For the short and medium-term, you can opt for bank fixed deposits and mutual funds. For the long term, there is the National Pension Scheme and life insurance. 

Key Benefits of Life Insurance as a Retirement Tool

Life insurance offers benefits such as stability and protection, regular and guaranteed income during the retirement years and also, flexibility with facilities like top-ups. 

The key benefits of using life insurance to build your retirement plan include: 

  • Long-term Product 

Insurance is a long-term product that guarantees benefits for 25-30 years. It is the only instrument in your financial portfolio that provides for assured benefits and regular investments as insurance companies absorb the reinvestment risk in the long term. 

  • Inculcates Financial Discipline

Insurance inculcates financial discipline as it allows for regular investment. While everyone wants to secure their retirement phase, not everyone has the discipline to save.  

  • Suitable for Low Risk

Insurance is an ideal retirement planning instrument for individuals with low risk appetite and those who seek assured income. There are several options that provide either minimum guaranteed amounts plus bonus or a fully guaranteed amount.

  • Versatility to Invest in the Stock Markets

Individuals with higher risk appetite can opt for market-linked plans such as unit linked insurance plans or ULIPs.

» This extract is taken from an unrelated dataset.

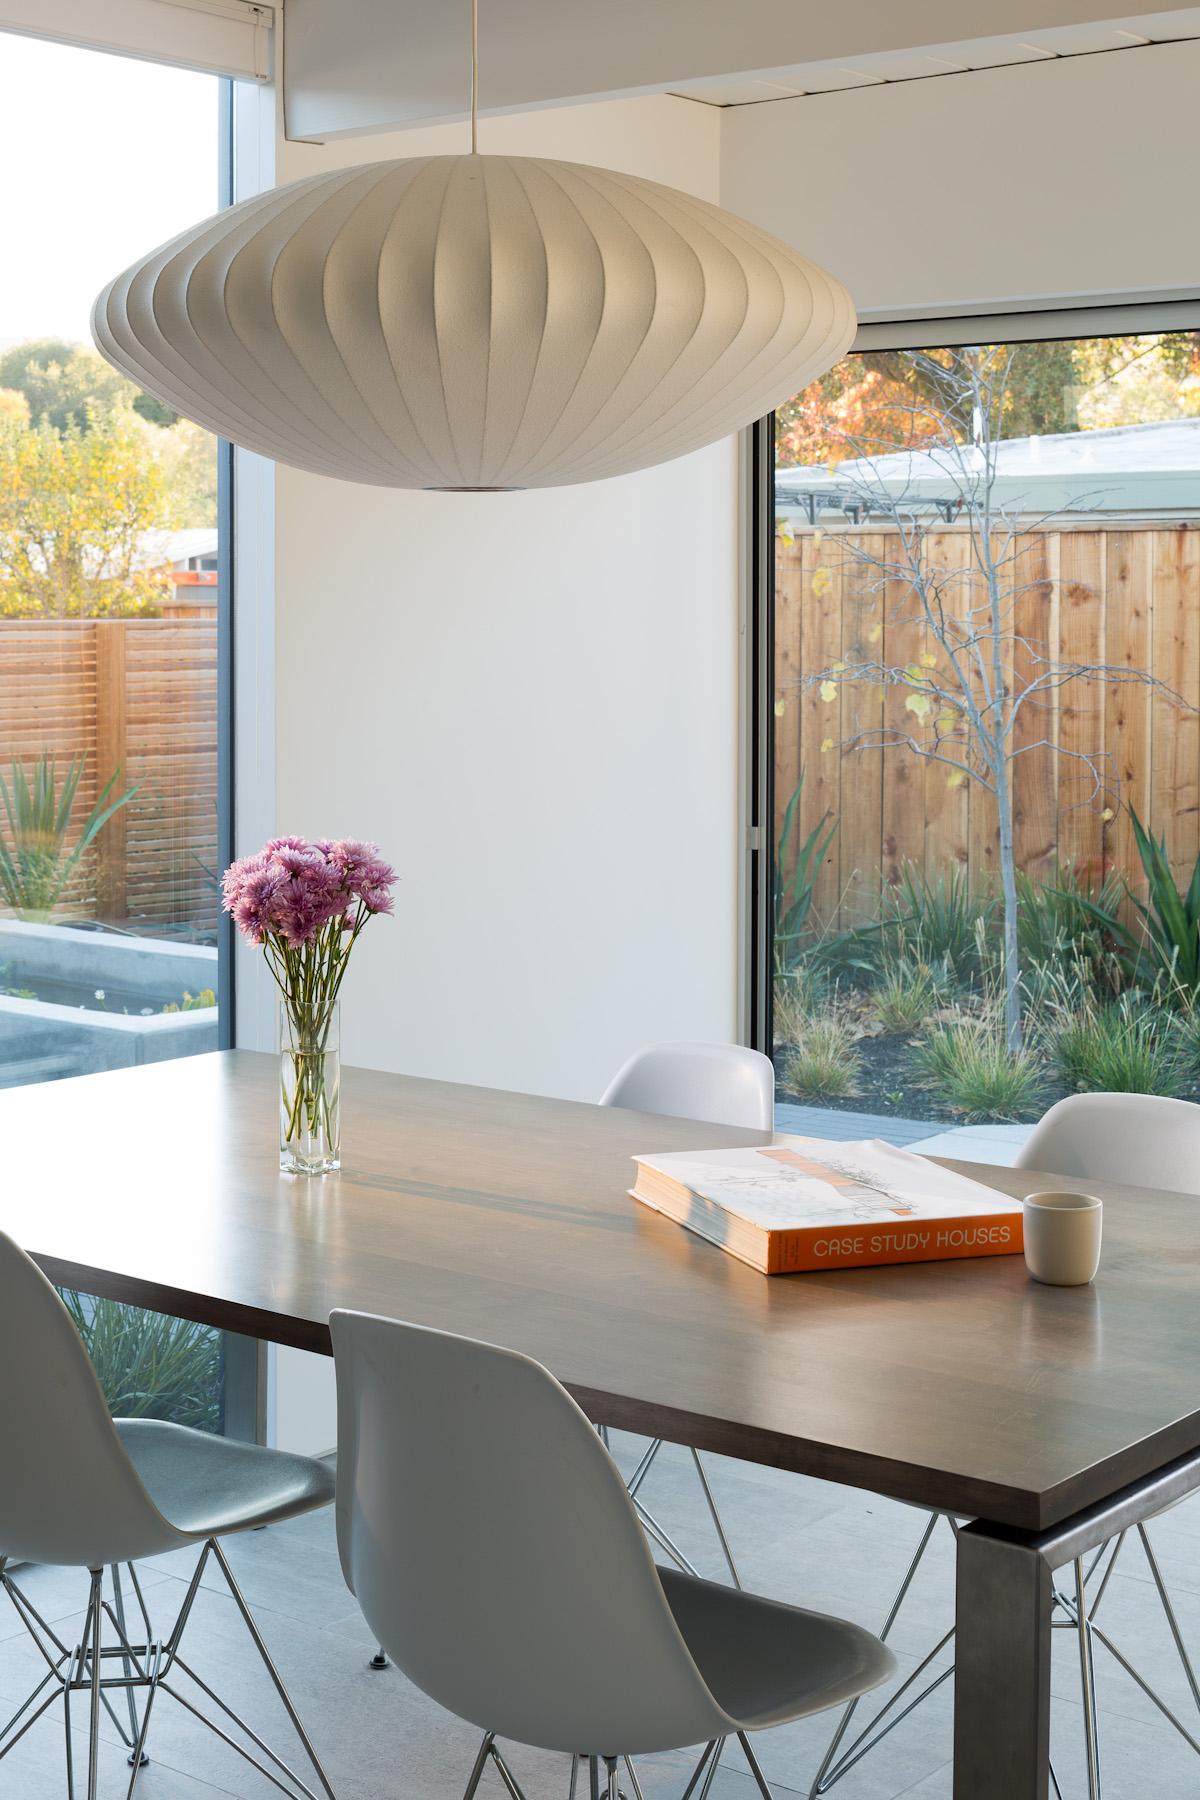 Просторная и светлая столовая с большой площадью остекления. Деревянная ограда добавляет приватности

These allow for savings in the earning phase and withdrawals in the non-earning or retirement phase. 

Many insurance plans offer income options in non-earning years, such as ULIPs available till age 90 with withdrawals or whole life plans with money back built in or income plans where there is tax free income payable. 

Ways To Use Your Life Insurance For Retirement 

You must plan for two life stages. One where you earn and save for retirement, i.e., the accumulation phase and one where you earn an income from the accumulated wealth. 

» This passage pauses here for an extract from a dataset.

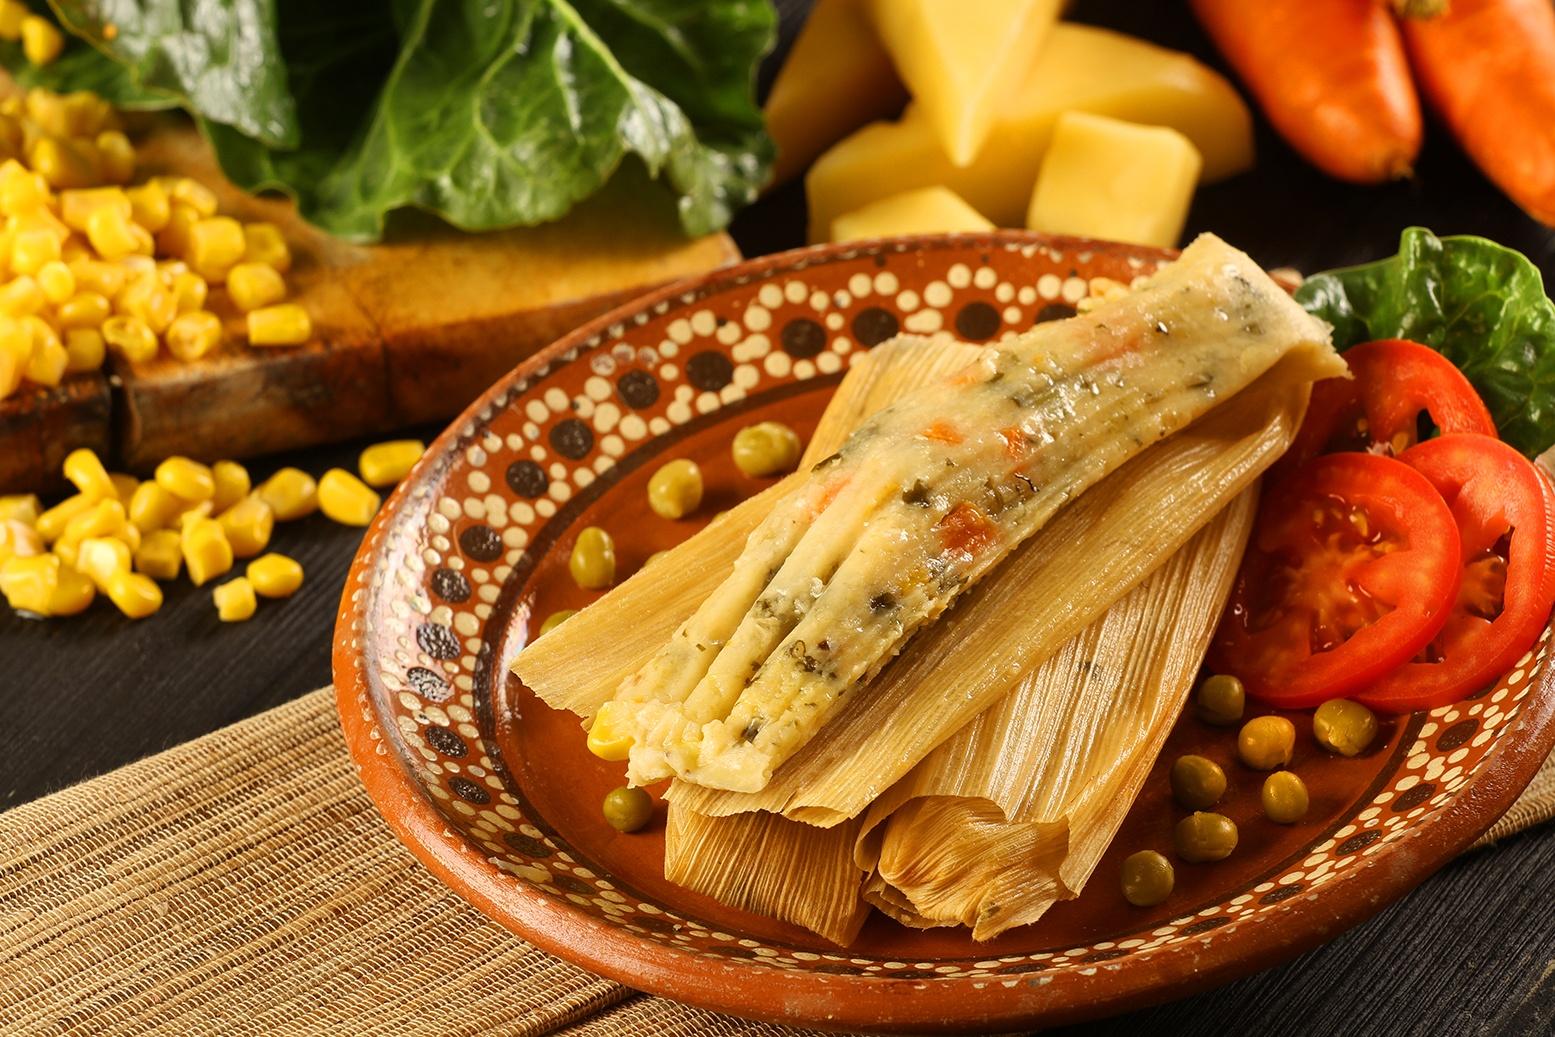 https://0201.nccdn.net/4_2/000/000/046/6ea/IMG_5179-verduras-con-queso-1555x1037.jpg
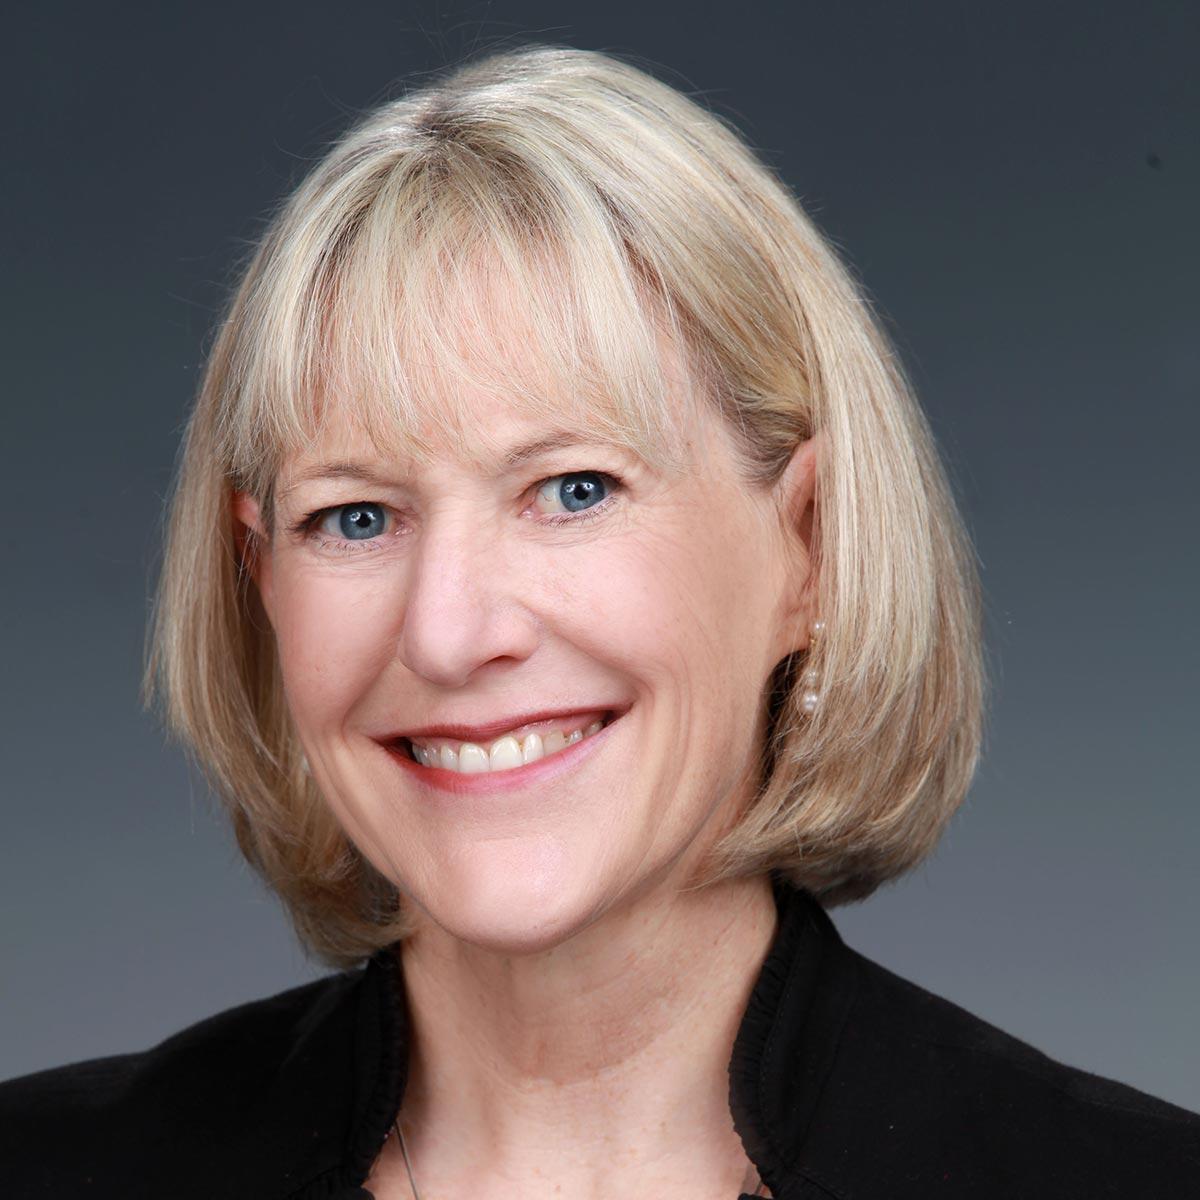 Janet Jansson

Saving for Retirement or Accumulation Phase

  • If you are looking at insurance coverage for life along with survival and maturity benefits, you can opt for whole life plans. 
  • In case you have a lower risk appetite and are looking for defined assurance and tax benefits, you can opt for endowment plans that provide either minimum guaranteed amounts and bonus (participating endowment plans) or a fully-guaranteed amount (non-participating endowment plans). 
  • If you stand on the higher quadrant of the risk and return matrix, you can invest in ULIPs. These market linked plans let you save towards retirement while allowing you the luxury of drawing down, tax free for planned expenses, such as higher education for children, marriage expenses etc. 

Phase Where You Utilise the Funds for Income During Retirement

Once you are a retired individual, you can reap benefits from the corpus that has been accumulated during the savings phase. This is where you actually earn regular income so that your retirement years are as smooth as you want them to be. One product in this bucket is the annuity product.

Annuity Plans 

Annuities are specifically designed by insurance companies to provide you guaranteed income during the retirement period. Since an annuity plan is for life, it protects you from outliving your savings. Few attractive variants include: 

  • Return of purchase price on death of policy holder to the nominee 
  • Joint life annuity wherein the spouse continues receiving income after the primary policy holder passes away. 
  • You have the option of investing in an annuity with your retirement savings. This is called immediate annuity where you can receive the pension within one year of the premium amount being paid. 
  • You can opt for a hybrid mode, which is an accumulation and income plan that allows for savings in earning years and income in non-earning years. The insured can indicate the periodicity over which they would prefer to receive the annuity from the insurance company. 
  • Individuals who still have some years to retirement can choose these deferred annuity plans.

Bottom Line

Every individual must leverage insurance for retirement. This trifecta of assured benefits and a comfortable retired life, financial stability that comes with disciplined and regular investments, and protection make life insurance one of the most compelling instruments for creating a robust retirement investment plan.